→ **What to do**: Return all of the data verbatim, dropping any picture.

→ **Collected data**:
---

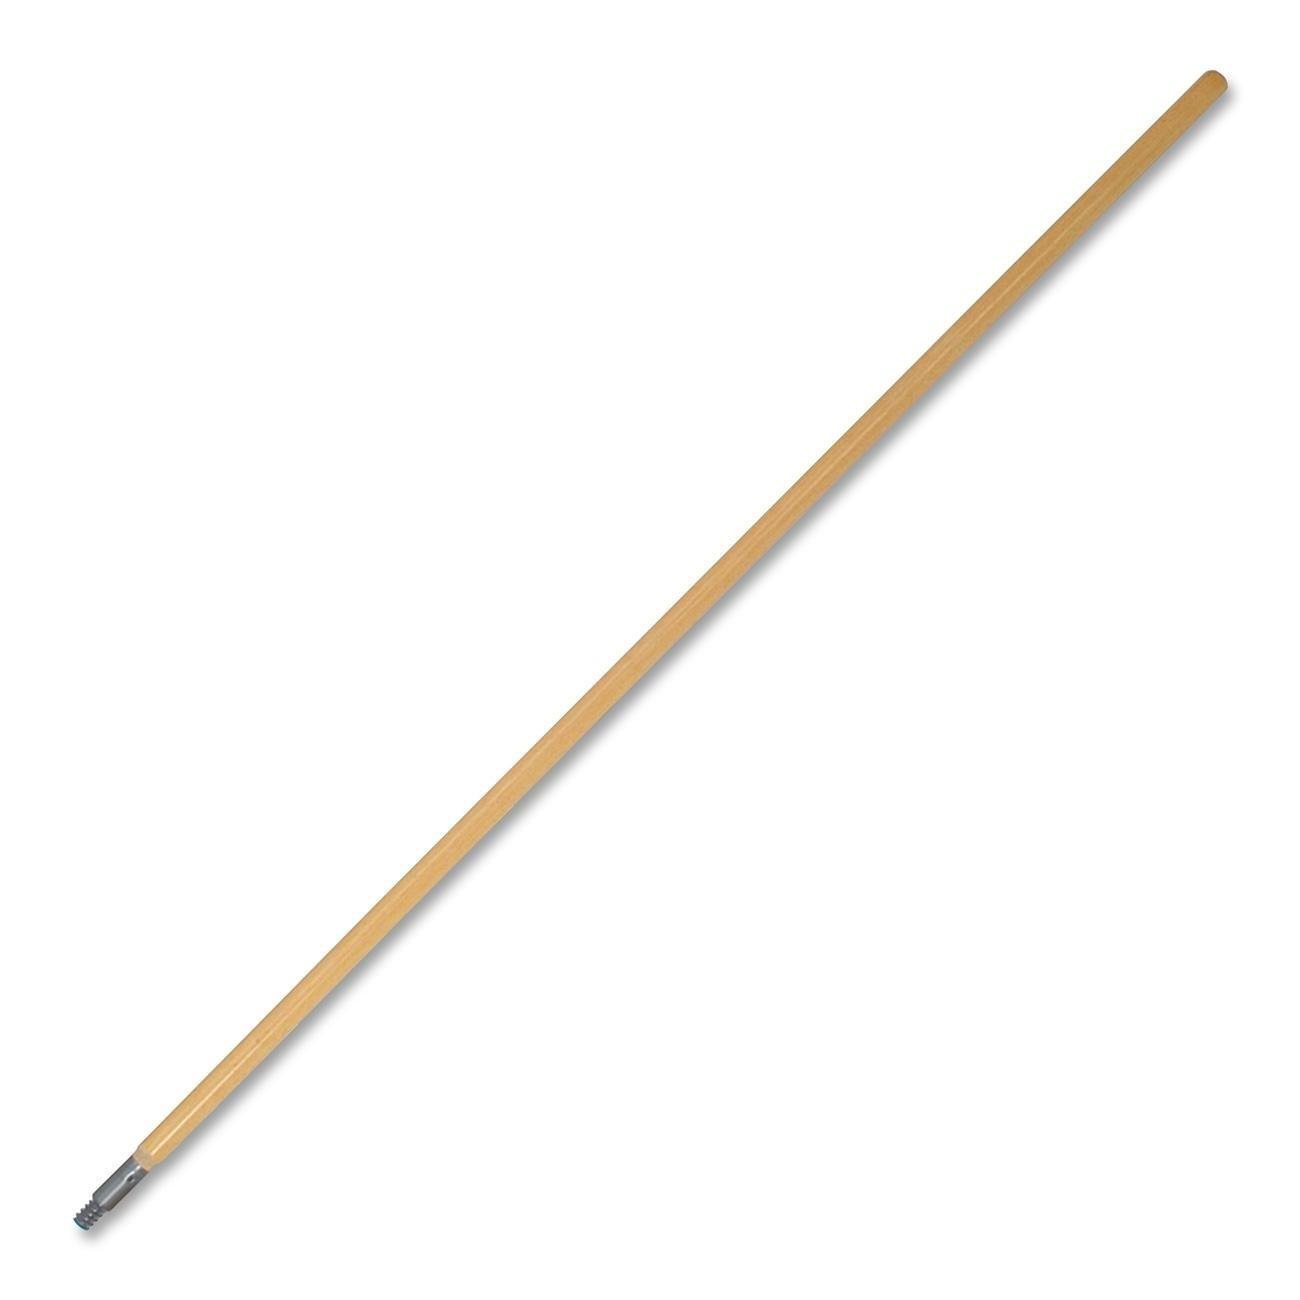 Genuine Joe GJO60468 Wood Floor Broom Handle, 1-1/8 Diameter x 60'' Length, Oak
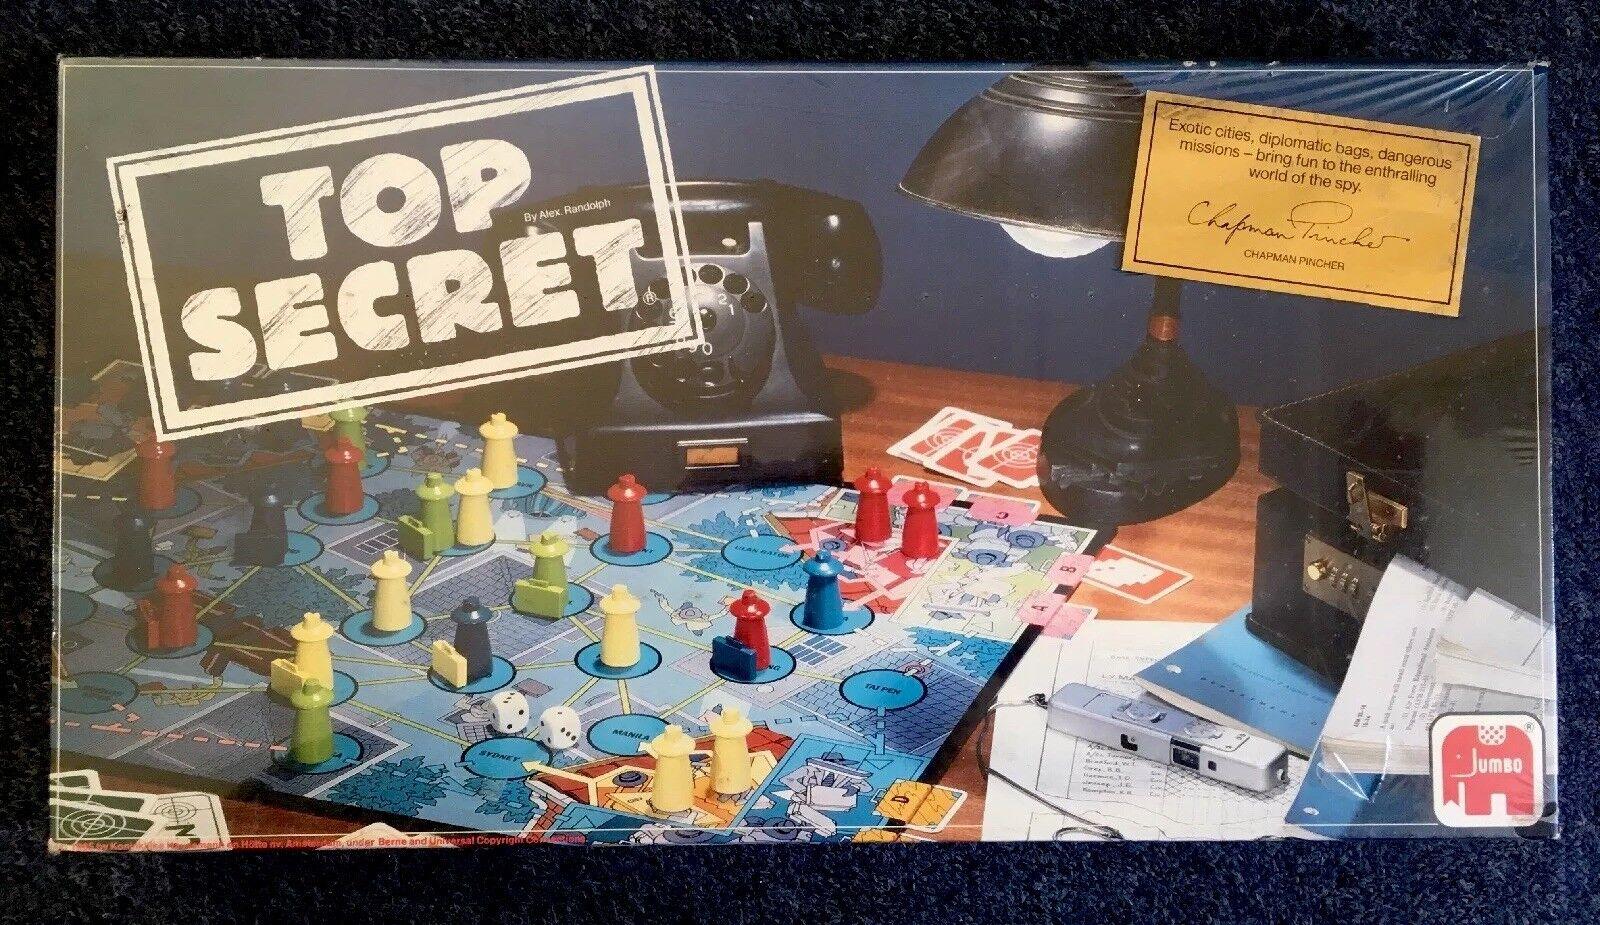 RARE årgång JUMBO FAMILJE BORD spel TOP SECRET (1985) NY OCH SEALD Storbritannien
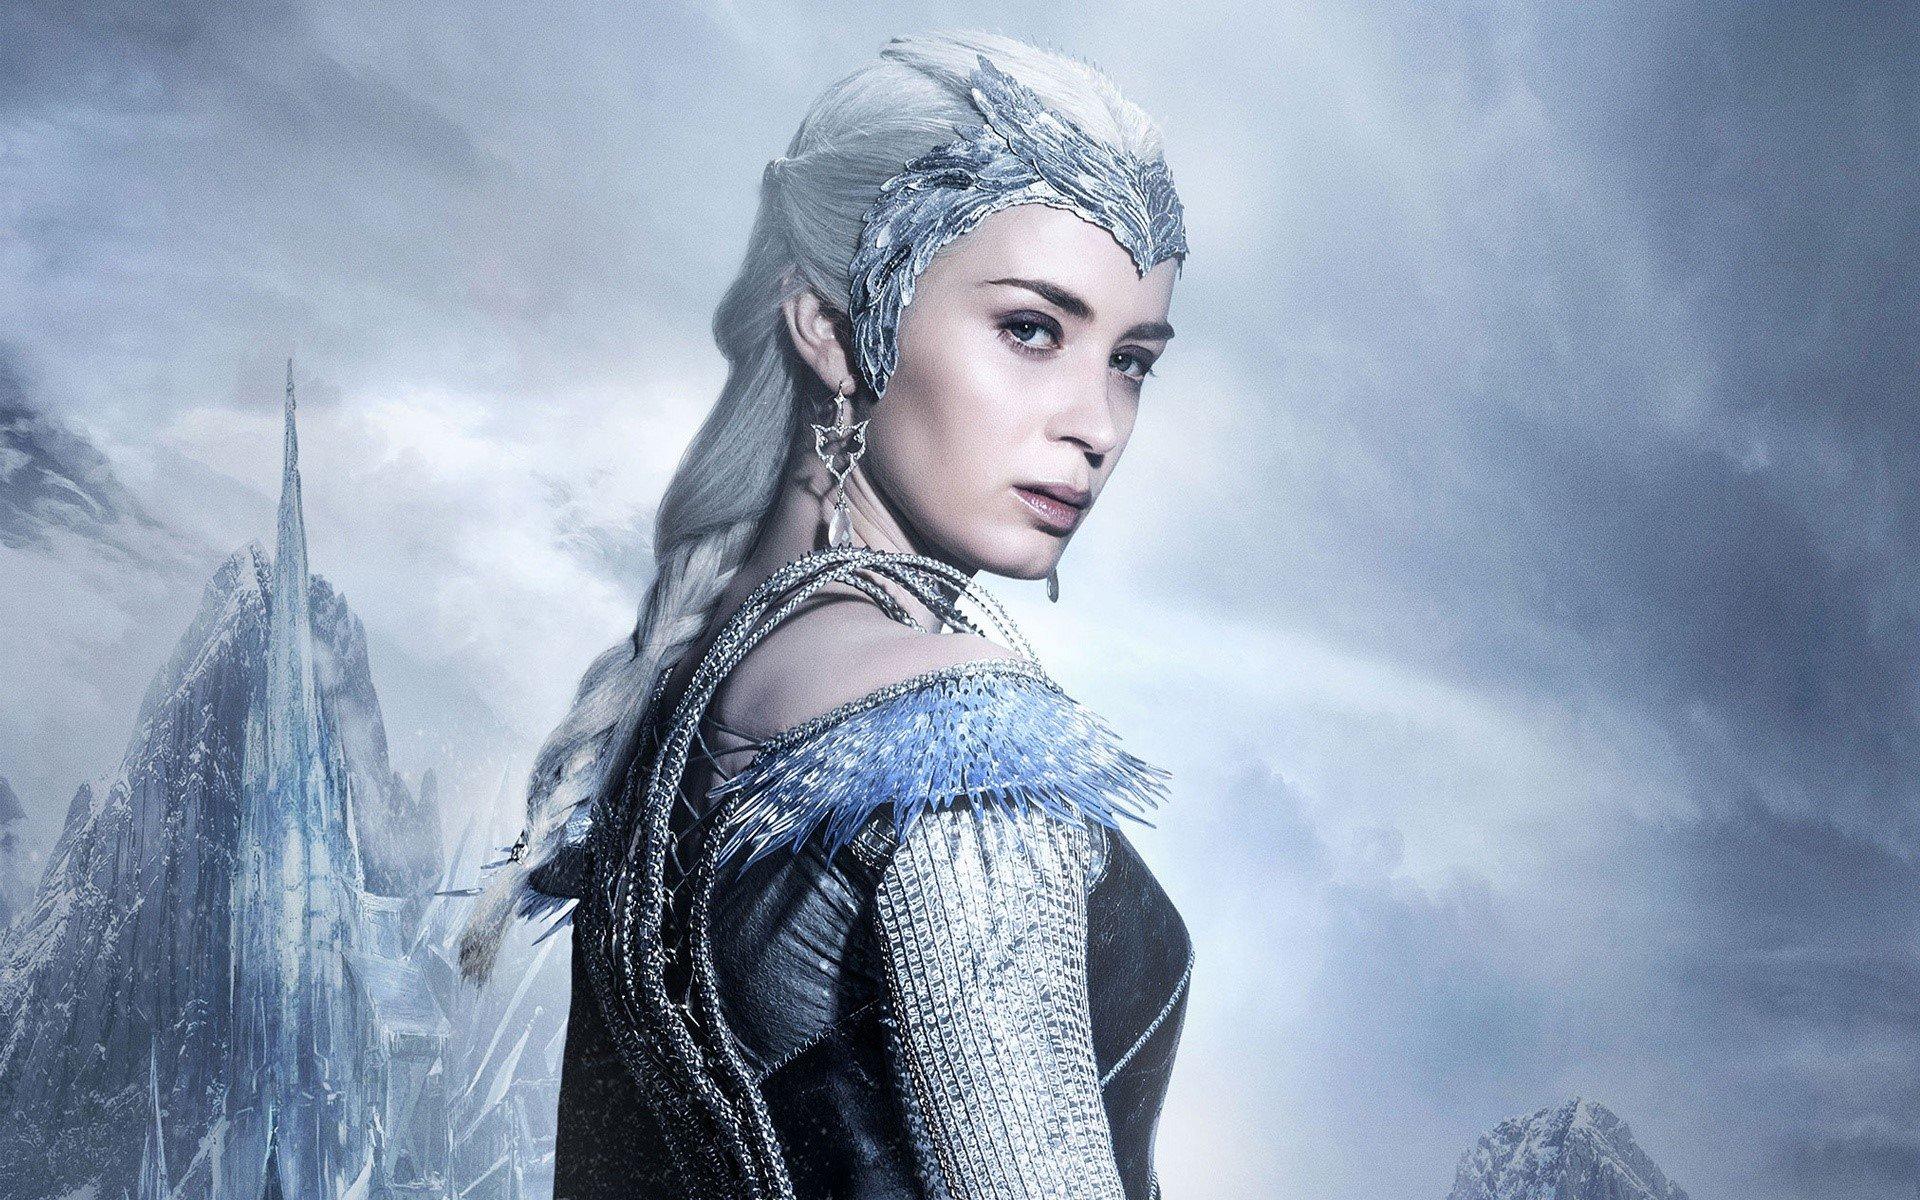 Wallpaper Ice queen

---

→ **Solved problem**:
 Genuine Joe GJO60468 Wood Floor Broom Handle, 1-1/8 Diameter x 60'' Length, Oak
 RARE årgång JUMBO FAMILJE BORD spel TOP SECRET (1985) NY OCH SEALD Storbritannien
 Wallpaper Ice queen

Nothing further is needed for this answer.